Russian Manafort client: Willing to speak to Congress
WASHINGTON (AP) — A Russian billionaire close to President Vladimir Putin said Tuesday he is willing to take part in U.S. congressional hearings to discuss his past business relationship with President Donald Trump’s former campaign chairman, Paul Manafort.
Last week, The Associated Press reported that Manafort had written aluminum magnate Oleg Deripaska in 2005, proposing to do work for Deripaska that would “benefit the Putin Government.” The story was based on interviews with people familiar with Deripaska’s business dealings with Manafort and documents obtained by the AP, including strategy memoranda, contracts and records showing international wire transfers for millions of dollars.
In a quarter-page advertisement in Tuesday’s editions of The Washington Post and The Wall Street Journal, Deripaska said he was “ready to take part in any hearings conducted in the US Congress on this subject in order to defend my reputation and name.”
Manafort signed a $10 million contract in 2006 that laid out a four-country communications and political strategy intended to support Deripaska’s company and undermine anti-Russian political movements. Payments continued until at least 2009, seven years before Manafort joined and led Trump’s 2016 campaign, according to people familiar with the relationship. They spoke on condition of anonymity because they were not authorized to discuss the business arrangement openly.
In his newspaper ads responding to the AP’s story, Deripaska said he never signed “a $10 million contract ‘to greatly benefit the Putin Government’ with Paul Manafort.”

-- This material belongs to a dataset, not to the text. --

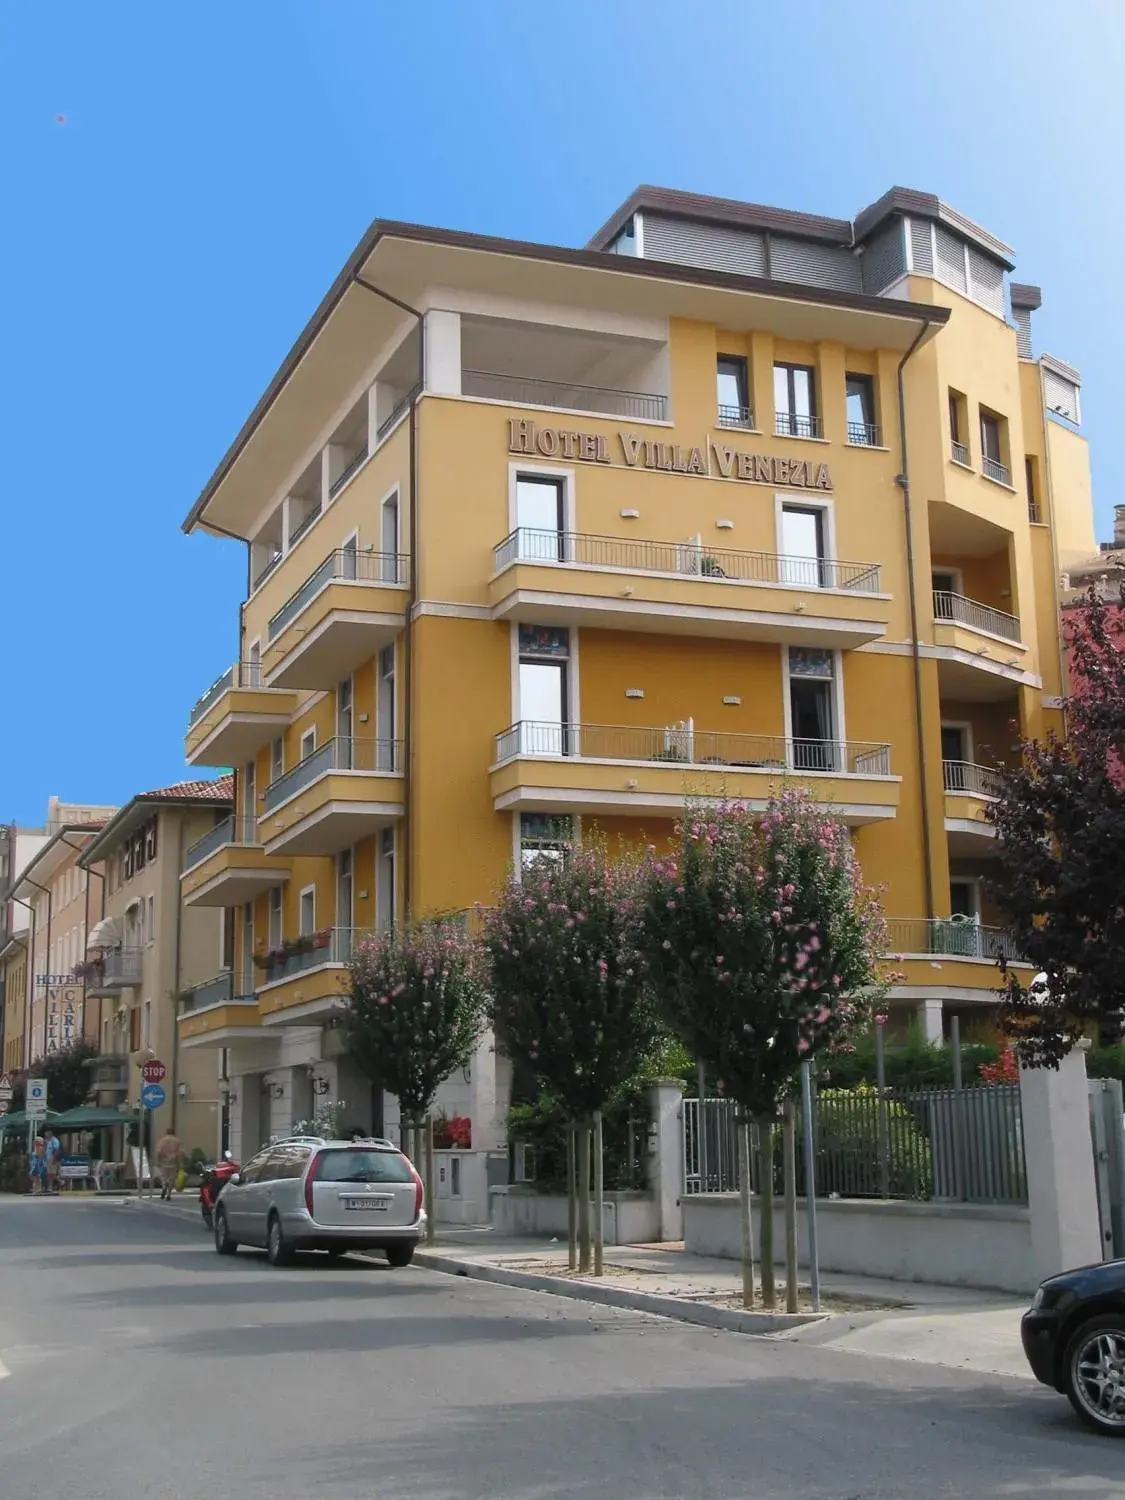 Facade/entrance, Property Building in Hotel Villa Venezia

“I have never made any commitments or contracts with the obligation or purpose to covertly promote or advance ‘Putin’s Government’ interests anywhere in the world,” Deripaska wrote.
The AP’s story said that Manafort wrote a strategy memo proposing that the work he would do for Deripaska would “benefit the Putin Government,” not that the contract contained that language.
“This AP Exclusive report falls into the negative context of current US-Russian relations and causes fresh unfair and unjustified concerns and alarm in the US Congress about Russian involvement in US domestic affairs,” Deripaska’s ad says.
The AP stands by its reporting, spokeswoman Lauren Easton said.
The revelations about Manafort come as Trump campaign advisers are the subject of an FBI probe and two congressional investigations, and they appear to guarantee that Manafort will be sought as a key witness in upcoming hearings. He has volunteered to appear.
Investigators are reviewing whether the Trump campaign and its associates coordinated with Moscow to meddle in the 2016 campaign. Manafort has dismissed the investigations as politically motivated and misguided. The documents obtained by AP show Manafort’s ties to Russia were closer than previously revealed.
Deripaska is one of Russia’s wealthiest men. He amassed his fortune under Putin and has bought assets abroad in ways widely perceived to benefit the Kremlin’s interests. U.S. diplomatic cables from 2006 described him as “among the 2-3 oligarchs Putin turns to on a regular basis” and “a more-or-less permanent fixture on Putin’s trips abroad.”
A spokesman for Manafort has confirmed that Manafort worked for Deripaska representing him on business and personal matters, but has denied that the work involved “representing Russia’s political interests.” White House spokesman Sean Spicer said last week that Trump was not aware of Manafort’s work for Deripaska a decade ago.
The AP reported last week that Manafort proposed an ambitious political strategy in a June 2005 memo that was based on work he had done in Ukraine. Manafort described how his plan could be used to influence politics, business deals and news coverage inside the United States, Europe and former Soviet republics to the benefit of the Russian government.
“We are now of the belief that this model can greatly benefit the Putin Government if employed at the correct levels with the appropriate commitment to success,” Manafort wrote in the 2005 memo to Deripaska. The effort, Manafort wrote, “will be offering a great service that can re-focus, both internally and externally, the policies of the Putin government.”
Manafort wrote that the plan would bolster the legitimacy of governments friendly to Putin and undercut anti-Russian figures through political influence campaigns, nonprofit front groups and media operations.
The $10 million contract Manafort signed in 2006 outlined the political and communications activities in Uzbekistan, Tajikistan and Georgia in more detail, but the AP noted last week that the work actually performed is unclear.
Manafort and Deripaska had a falling out laid bare in 2014 in a Cayman Islands court. The dispute involved a nearly $19 million investment that Manafort was orchestrating for Deripaska in a Ukrainian TV company called Black Sea Cable, according to legal filings by Deripaska’s representatives.
In the filing, Deripaska accused Manafort and his associates of taking the money and then failing to respond to his queries about how the funds had been used.
Early in the 2016 presidential campaign, Deripaska’s representatives openly accused Manafort of fraud and pledged to recover the money from him. After Trump earned the presidential nomination, Deripaska’s representatives said they would no longer discuss the case.
Last week, Deripaska wrote in a statement to the AP that “there was an agreement between Mr. Deripaska and Mr. Manafort to provide investment consulting services related to business interests of Mr. Deripaska, which now is a subject to legal claims.”